In brief: X is trying to turn the Supreme Court's recent Cox decision into a weapon against the music publishers that sued the company in 2023. The move could deal a major blow to one of the music industry's most closely watched copyright cases.
X argued that the Supreme Court's ruling wiped out the contributory infringement claim, the only major theory left standing in limited form after last year's motion to dismiss.
The original 2023 suit, backed by the National Music Publishers' Association on behalf of 17 publishers including Concord, Sony, and Universal, accused X (then still Twitter) of allowing widespread use of unlicensed songs and sought roughly $250 million in damages over nearly 1,700 works.
The plaintiffs said they had sent around 300,000 infringement notices since late 2021 and argued the company routinely failed to act quickly enough.
– Elon Musk (@elonmusk) May 12, 2022
In March 2024, Judge Aleta Trauger tossed the direct and vicarious infringement claims, but allowed parts of the contributory claim to move forward.

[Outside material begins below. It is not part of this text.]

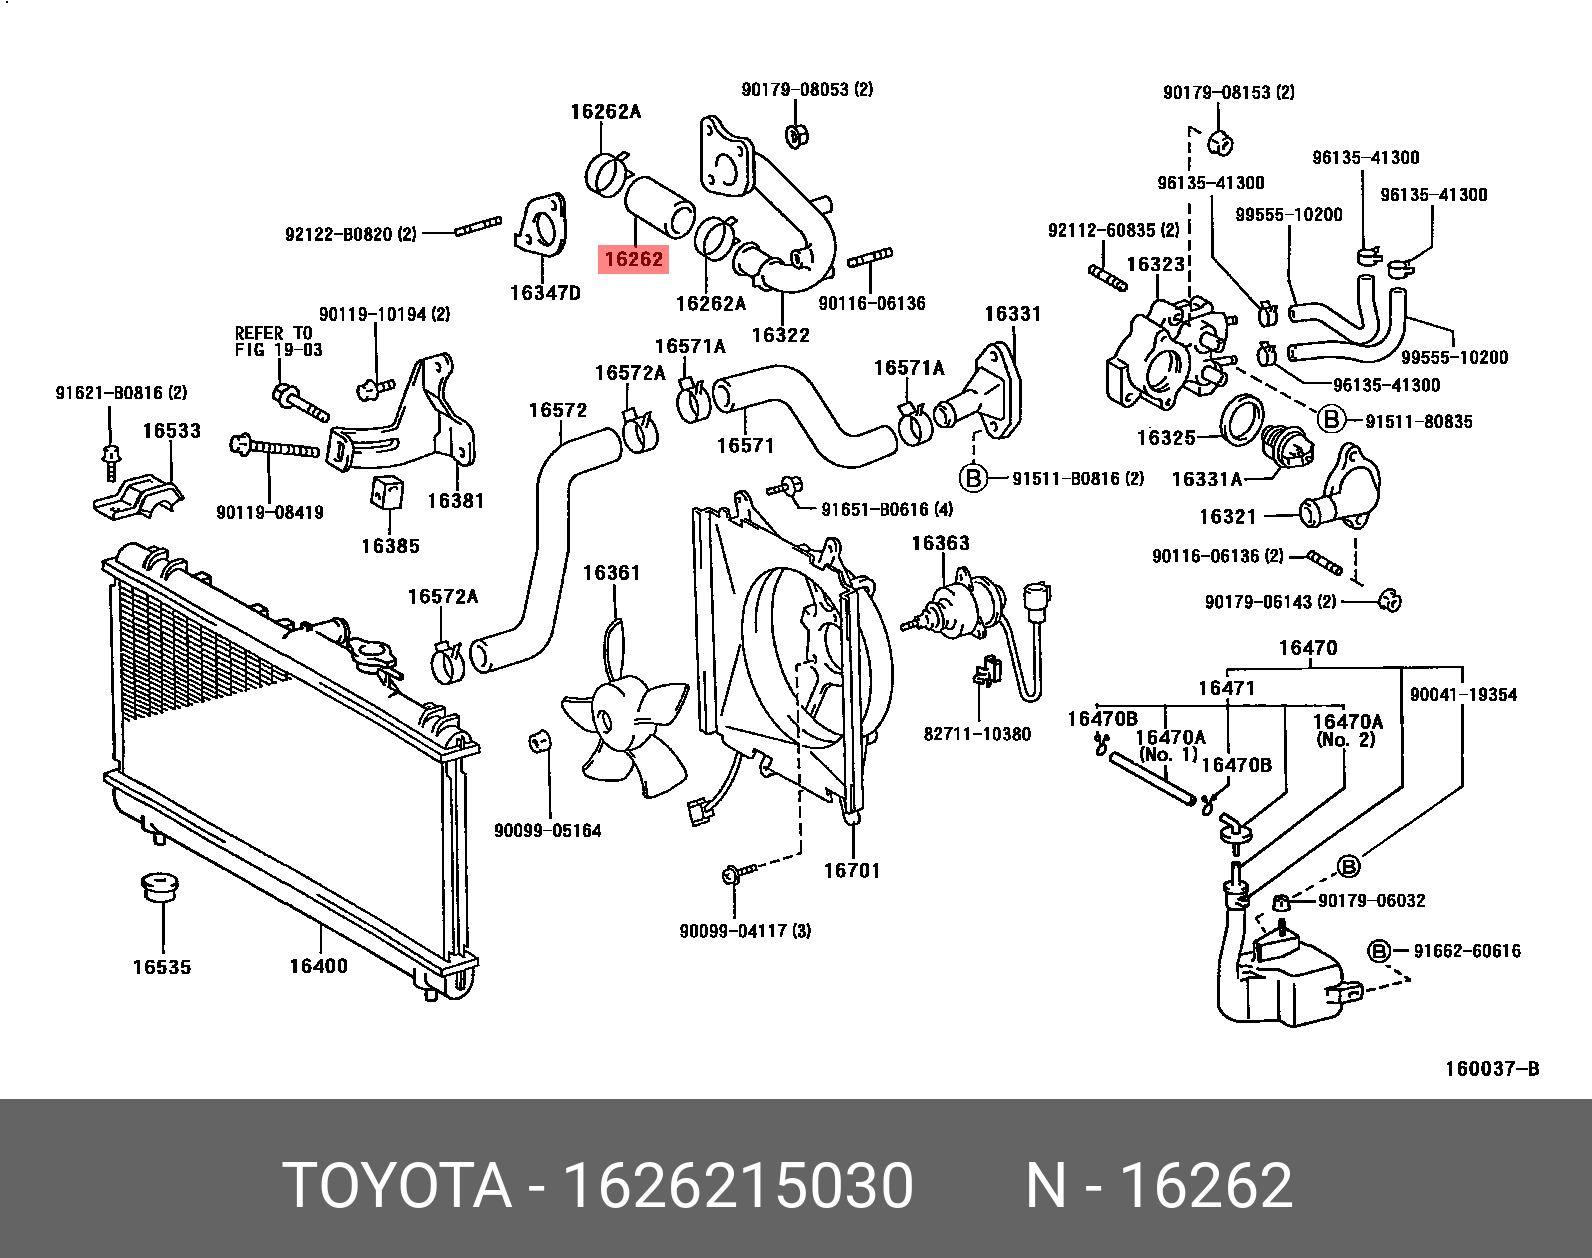 COROLLA LEVIN 198705 - 199106, HOSE, WATER INLET

This contributory claim was related to allegations of softer enforcement for verified users, slow responses to takedown notices, and inadequate action against repeat infringers.
What changed was the Supreme Court's March 25 ruling in Cox v. Sony Music. In a unanimous opinion, the Court said a service provider is contributorily liable for a user's infringement only if it intended the service to be used for infringement.
That intent can be shown only in two ways: if the provider induced infringement through specific acts, or if the service is tailored to infringement and lacks substantial non-infringing uses. That was enough to overturn the liability theory used against Cox, and X says it should do the same here.
In its March 27 filing, X argued that social media plainly has substantial lawful uses and that the publishers never alleged the company actively encouraged piracy in the Grokster sense.
It even pointed to the harsher facts in Cox, where internal emails included "F the DMCA," arguing that if those facts still fell short of contributory liability, the claims against X should not survive either.
The company wants a status conference and says it is prepared to seek judgment on the pleadings or reconsideration rather than let both sides burn through more expert and summary-judgment costs.
The publishers are not conceding the point. In a March 31 response, they said Cox does not mean the case should be dismissed and maintained that their allegations and factual record still support moving forward, though they agreed that a temporary stay makes sense while the court decides the next procedural steps.